Plaidoyer pour un moratoire sur la chasse aux alouettes des champs

Alouette des champs : faut-il réclamer un moratoire sur sa chasse ? Récemment, les Arrêtés ministériels sur sa chasse traditionnelle ont été retoqués auprès du Conseil d’Etat. Profitons de cette actualité pour étudier la question. Au terme de cet exposé, je reviendrai sur la pertinence d’un moratoire sur la chasse de ce gibier à plumes.

alouette des champs
Alouette des champs – Crédit photographique : Guillaume Calu

Une mise au point réglementaire

L’Alouette des champs (Alauda arvensis) est un Passereau de la famille des Alaudidés. En France, sa chasse est autorisée aussi bien au tir qu’en chasse traditionnelle. Jusqu’à récemment, s’appliquaient les Arrêtés du 17 août 1989 relatifs à la capture de l’Alouette des champs par matoles et pantes. Ces textes sont désormais abrogés. S’appliquent désormais les textes suivants :

  • Arrêté du 4 octobre 2022 relatif à la capture de l’alouette des champs à l’aide de matoles dans les départements des Landes et du Lot-et-Garonne [En ligne]
  • Arrêté du 4 octobre 2022 relatif à la capture de l’alouette des champs à l’aide de pantes dans les départements de la Gironde, des Landes, du Lot-et-Garonne et des Pyrénées-Atlantiques [En ligne]

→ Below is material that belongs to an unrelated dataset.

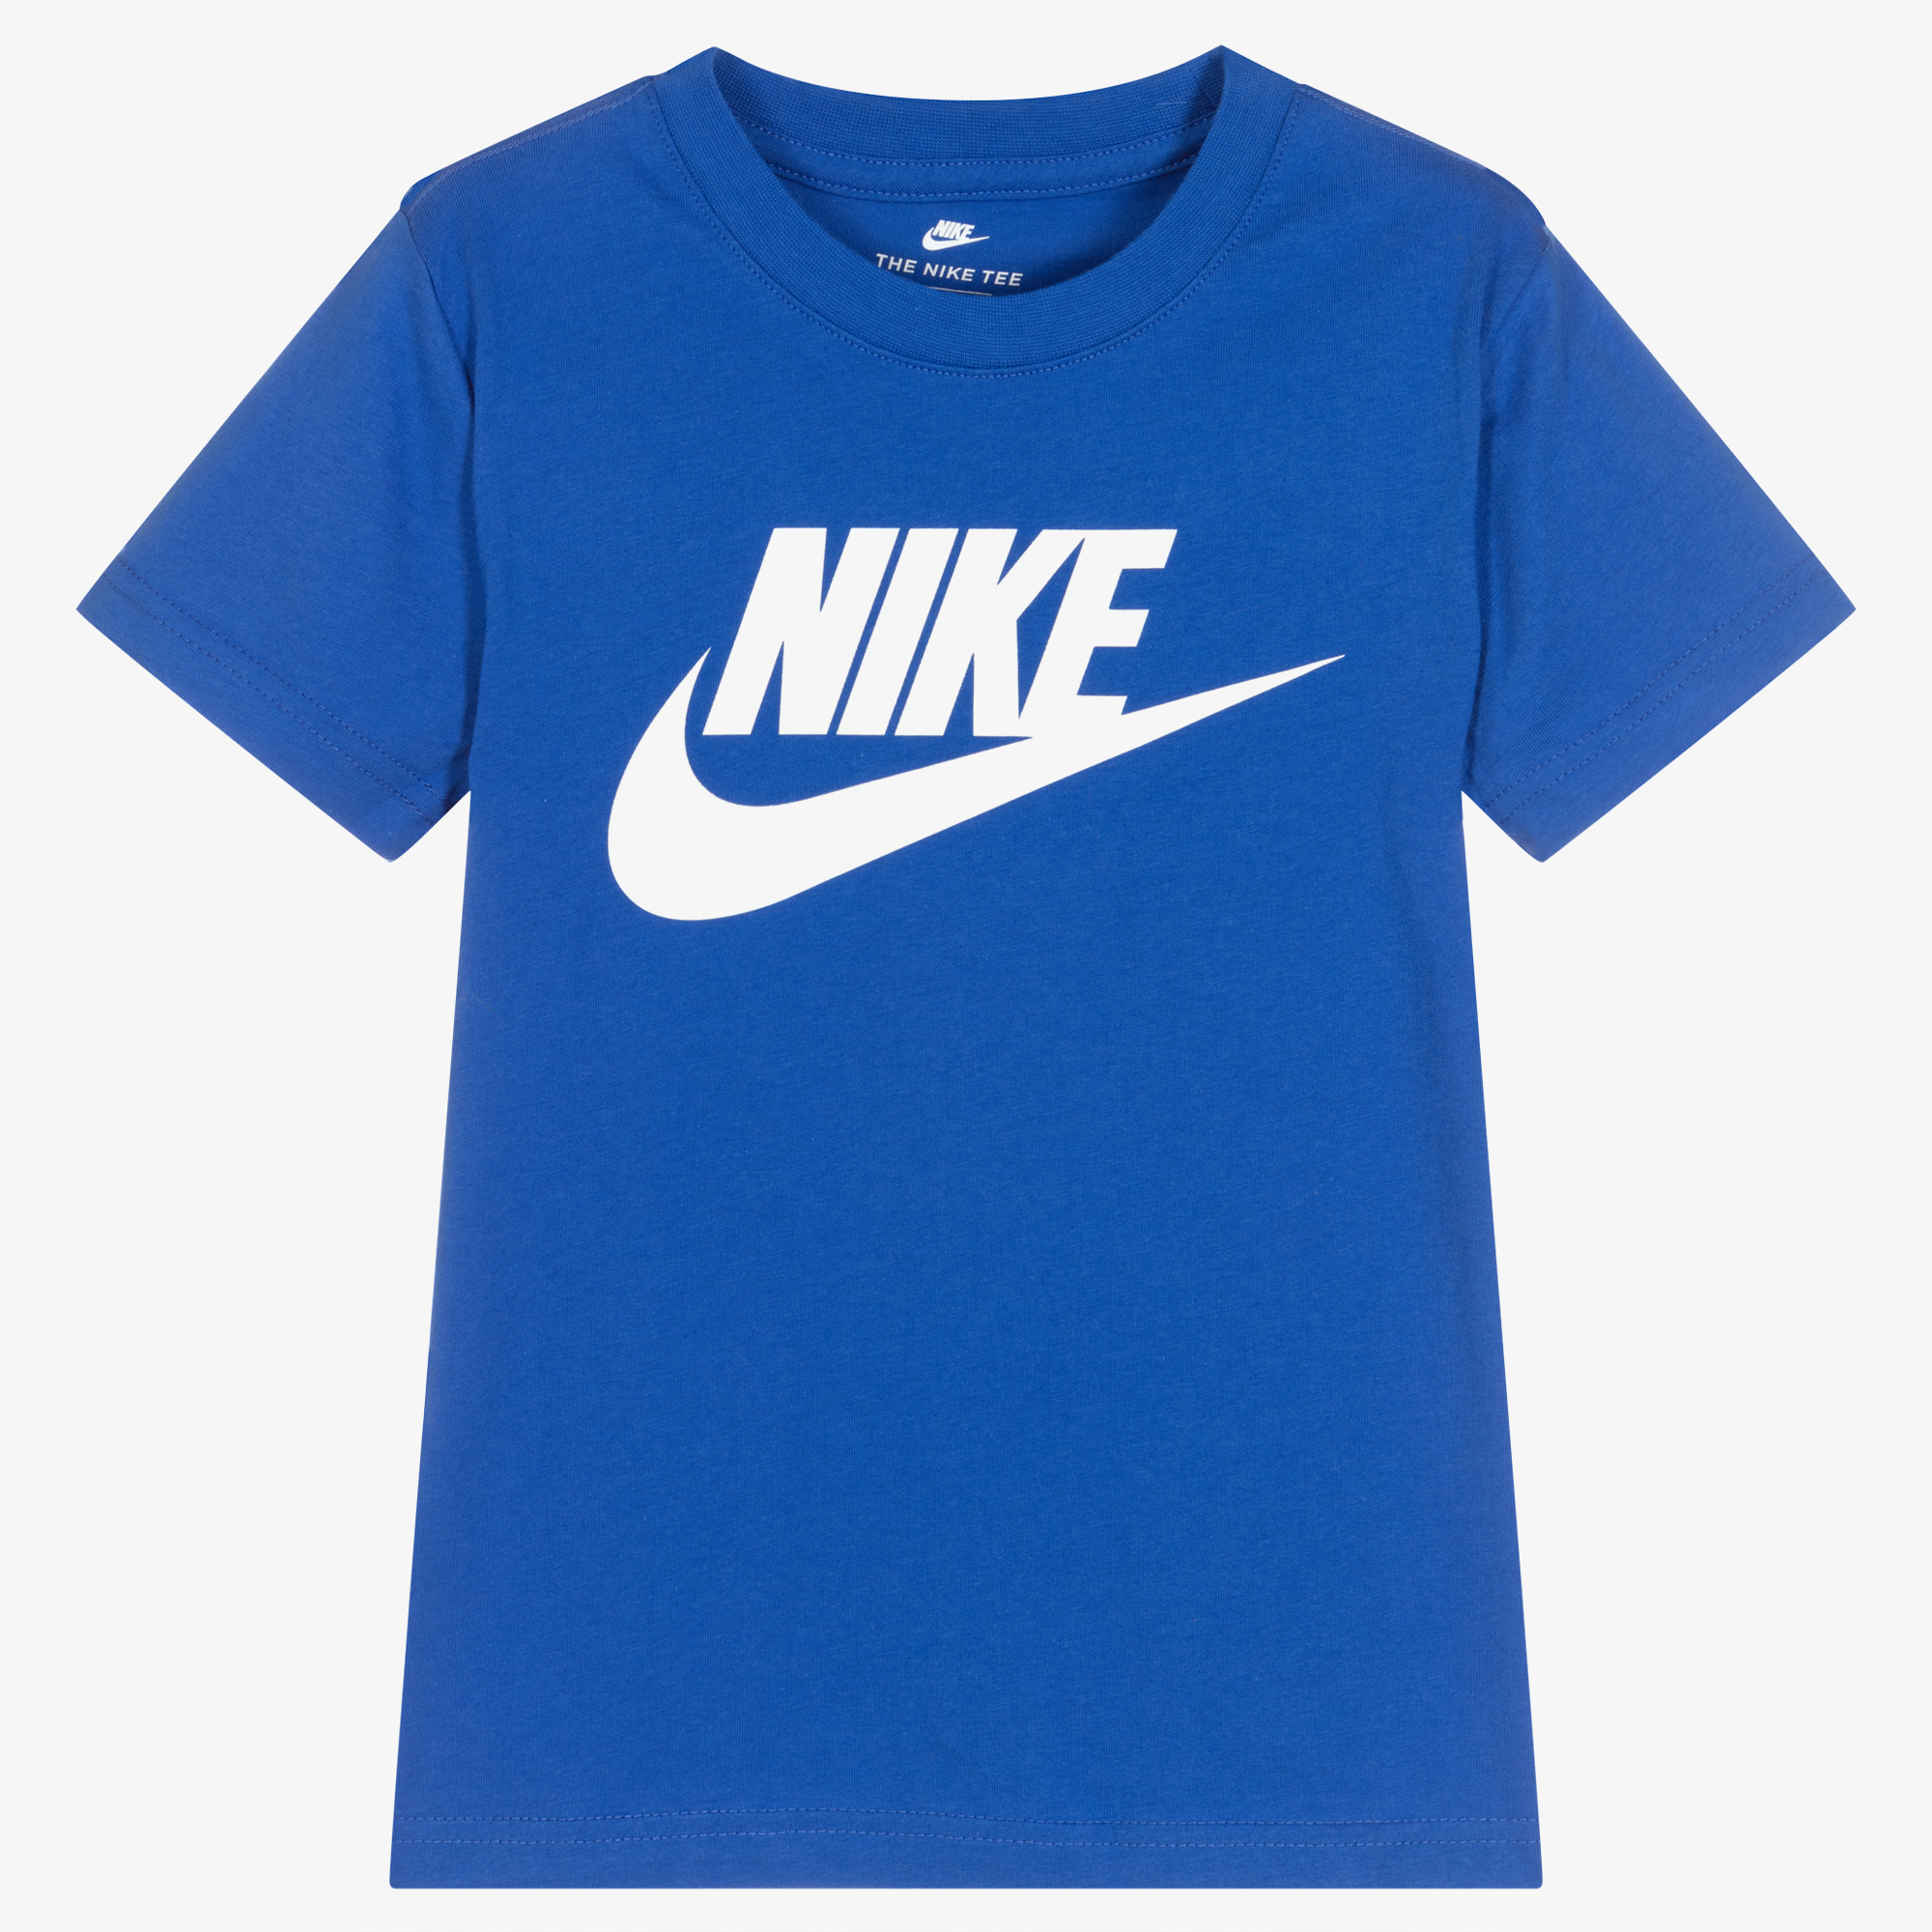 Футболки найк мужские купить. Nike футболка голубая найк. Nike Blue Shirt. Футболка найк Блю Jays. The Nike Tee.

Ces Arrêtés doivent cependant se mettre en conformité avec l’article 9 de la directive européenne « Oiseaux », qui stipule que ces méthodes de chasses traditionnelles représentent moins de 1 % de la mortalité annuelle de l’espèce. Avec ce pourcentage, le législateur rallie l’idée que ces prélèvements ne constituent pas une mortalité additive pour ces populations, mais qu’ils se substituent à une mortalité compensatoire. Mais pour autant, nous ne parlons ici que de prélèvements des chasses traditionnelles. Qu’en est-il une fois l’ensemble des types de chasse à l’Alouette pris en compte ?

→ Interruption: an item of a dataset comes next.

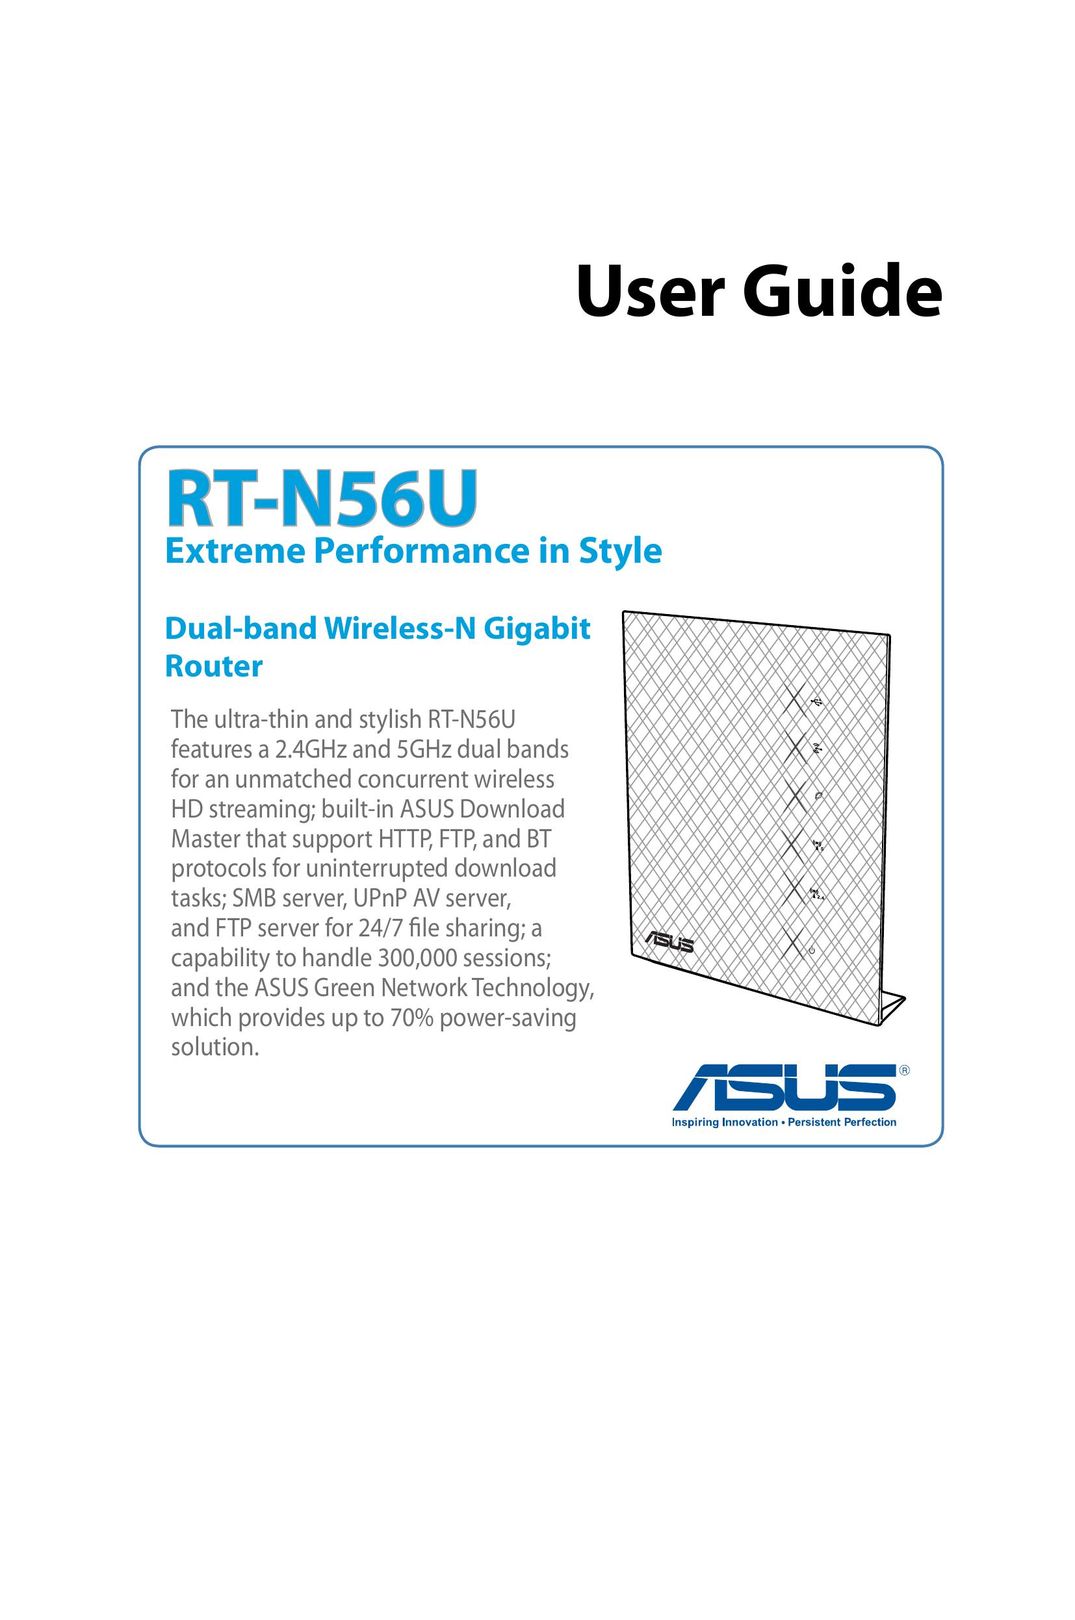 Asus RTN56U Network Router User Manual

Estimation des prélèvements cynégétiques

Les prélèvements de chasse ne sont pas tous connus avec certitude. Sauf pour les prélèvements de chasses traditionnelles fixés par les Arrêtés 2022 – 2023 : 98 702 individus (chasse de l’Alouette aux pantes) et 7798 (chasse de l’Alouette aux matoles).

Quant aux réalisations effectuées lors des chasses à tirs, la revue Faune Sauvage (n°310) évoque le prélèvement au fusil de 180 000 oiseaux pour la fameuse étude de référence sur la saison 2013 – 2014. A défaut de mieux, nous retiendrons donc ce chiffre.

Nous sommes donc en présence, pour les chiffres actuellement disponibles, à un total annuel de 286 500 individus prélevés.

Etat de conservation de l’Alouette des champs

Mais revenons à nos Alouettes, qu’en est-il des effectifs et du taux de mortalité annuel ? Nous allons avoir besoin de ces données ultérieurement pour développer notre exposé. Revenons pour cela sur différentes données rendues publiques sur le web (sources consultées : EBBA2, STOC, BirdLife).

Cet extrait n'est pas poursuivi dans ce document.